Williams syndrome is caused by the spontaneous deletion of 26-28 genes on chromosome #7 at the time of conception. It is likely that in most families, the child with Williams syndrome is the only one to have the elastin gene condition in his or her entire extended family.
WS affects 1 in 7,500 - 10,000 people worldwide – an estimated 20,000 to 30,000 people in the United States. It is known to occur equally in both males and females and in every culture.
Children with Williams syndrome tend to be social, friendly, and endearing.
But there are major struggles as well. Mild to life-threatening cardiovascular problems can be present at birth or become evident while children are still infants and toddlers. Children with WS need costly and ongoing medical care and early interventions (such as speech, physical and occupational therapy) to help overcome developmental delays. As they grow, children struggle with things like spatial relations, numbers, abstract reasoning, and executive functions, which can make daily tasks a challenge. As adults, most people with Williams syndrome will need supportive housing to live to their fullest potential. However, adults with Williams syndrome contribute to their communities as volunteers or paid employees; often working at assisted living homes for senior citizens, hospitals and libraries, as store greeters or veterinary aides, and more. Both employment and housing opportunities for individuals with Williams syndrome are increasing and improving annually.

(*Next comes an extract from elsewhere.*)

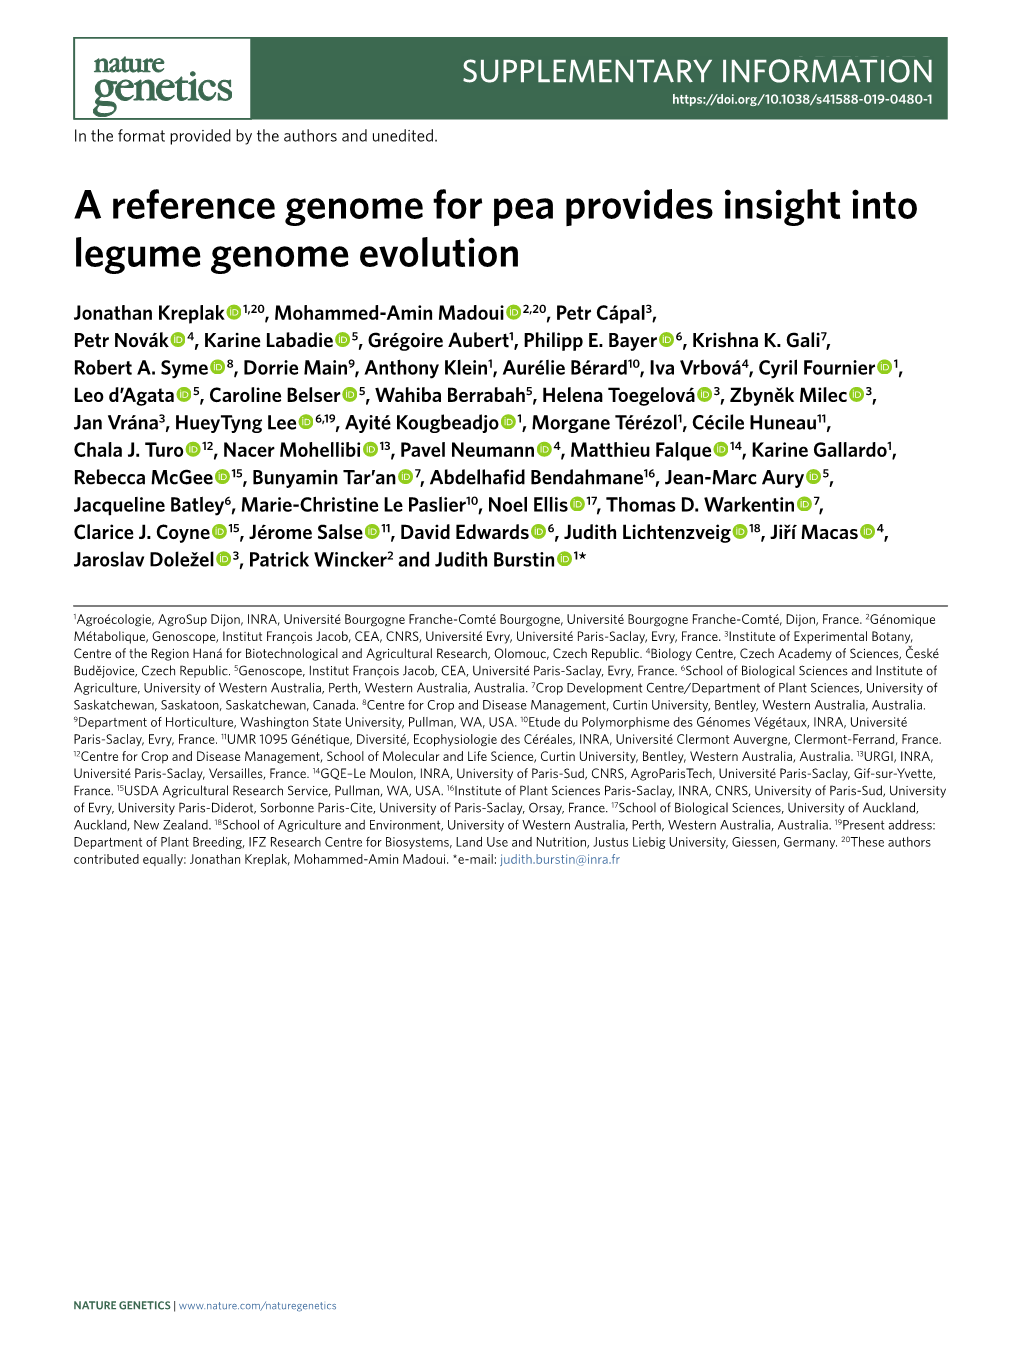 A Reference Genome for Pea Provides Insight Into Legume Genome Evolution
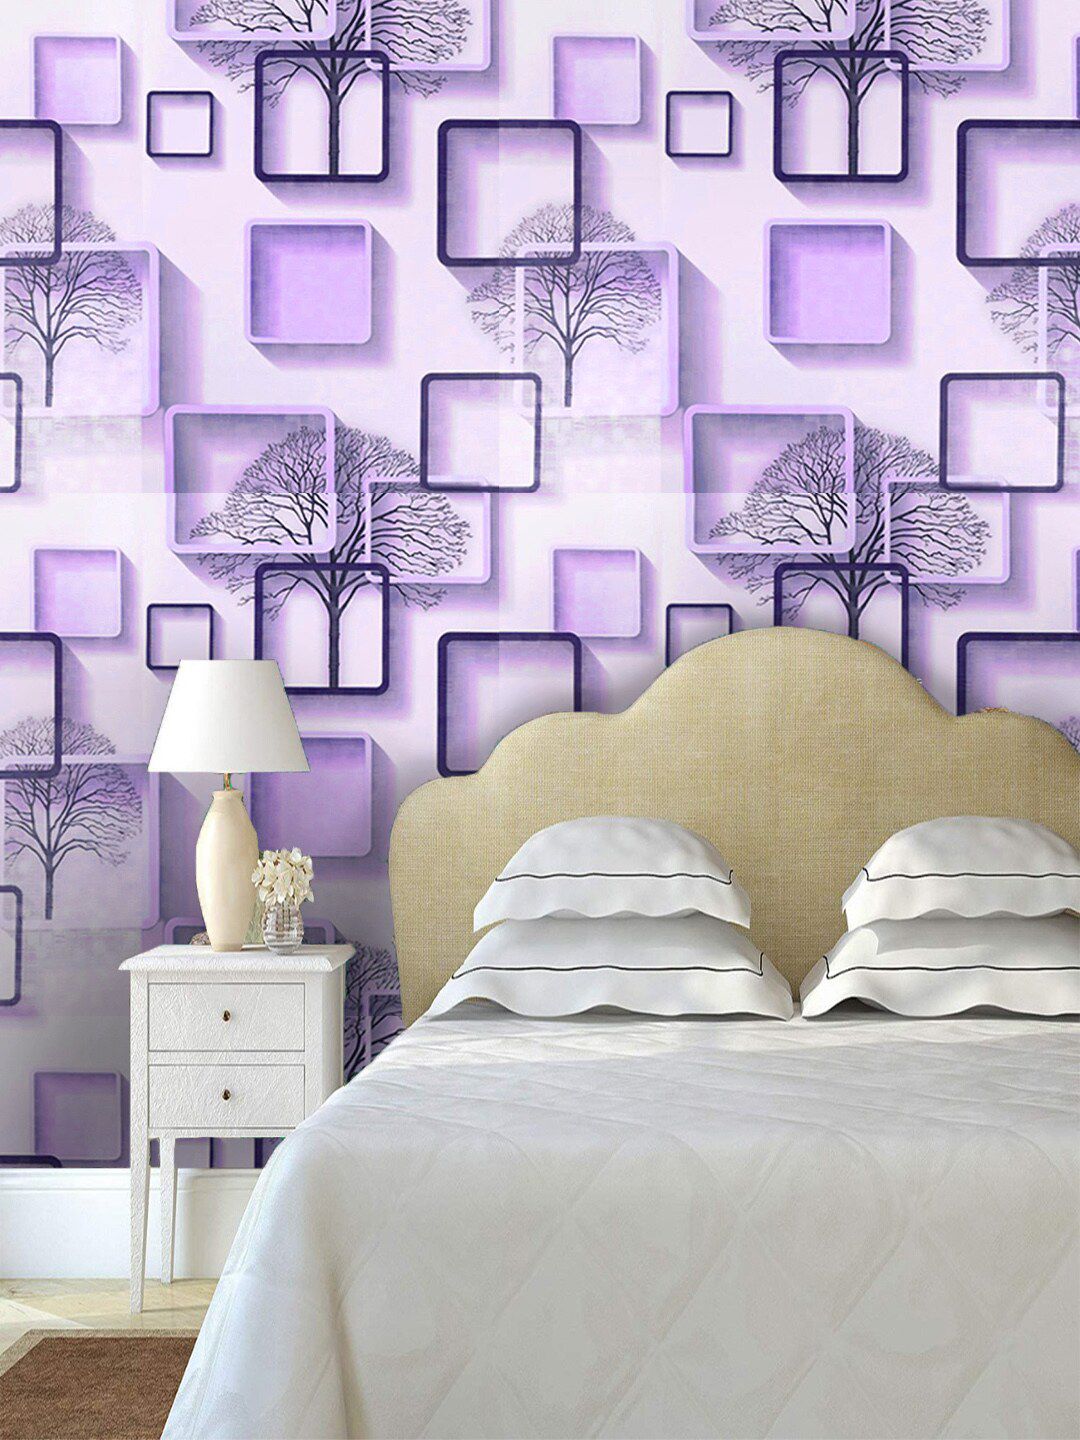 Jaamso Royals Lavender Printed Self-Adhesive & Waterproof Wallpaper Price in India

Due to their friendly nature and need for companionship, opportunities for social interaction are important to those with Williams syndrome throughout their lives. However, people with Williams syndrome often don’t process nuanced social cues often making it difficult to form lasting relationships. As people with Williams syndrome mature – beyond the structure of school and family activities – they often experience intense isolation which can lead to increased anxiety and depression.
There are many features common to those with Williams syndrome. The elastin deletion is responsible for many of the physical features. Other medical and developmental problems are likely caused by the deletions of the additional genetic material near the elastin gene on chromosome #7. However, every child is an individual - the number of features present, and which features are present varies from child to child, even though more than 95% of individuals have an identical 26-28 gene deletion.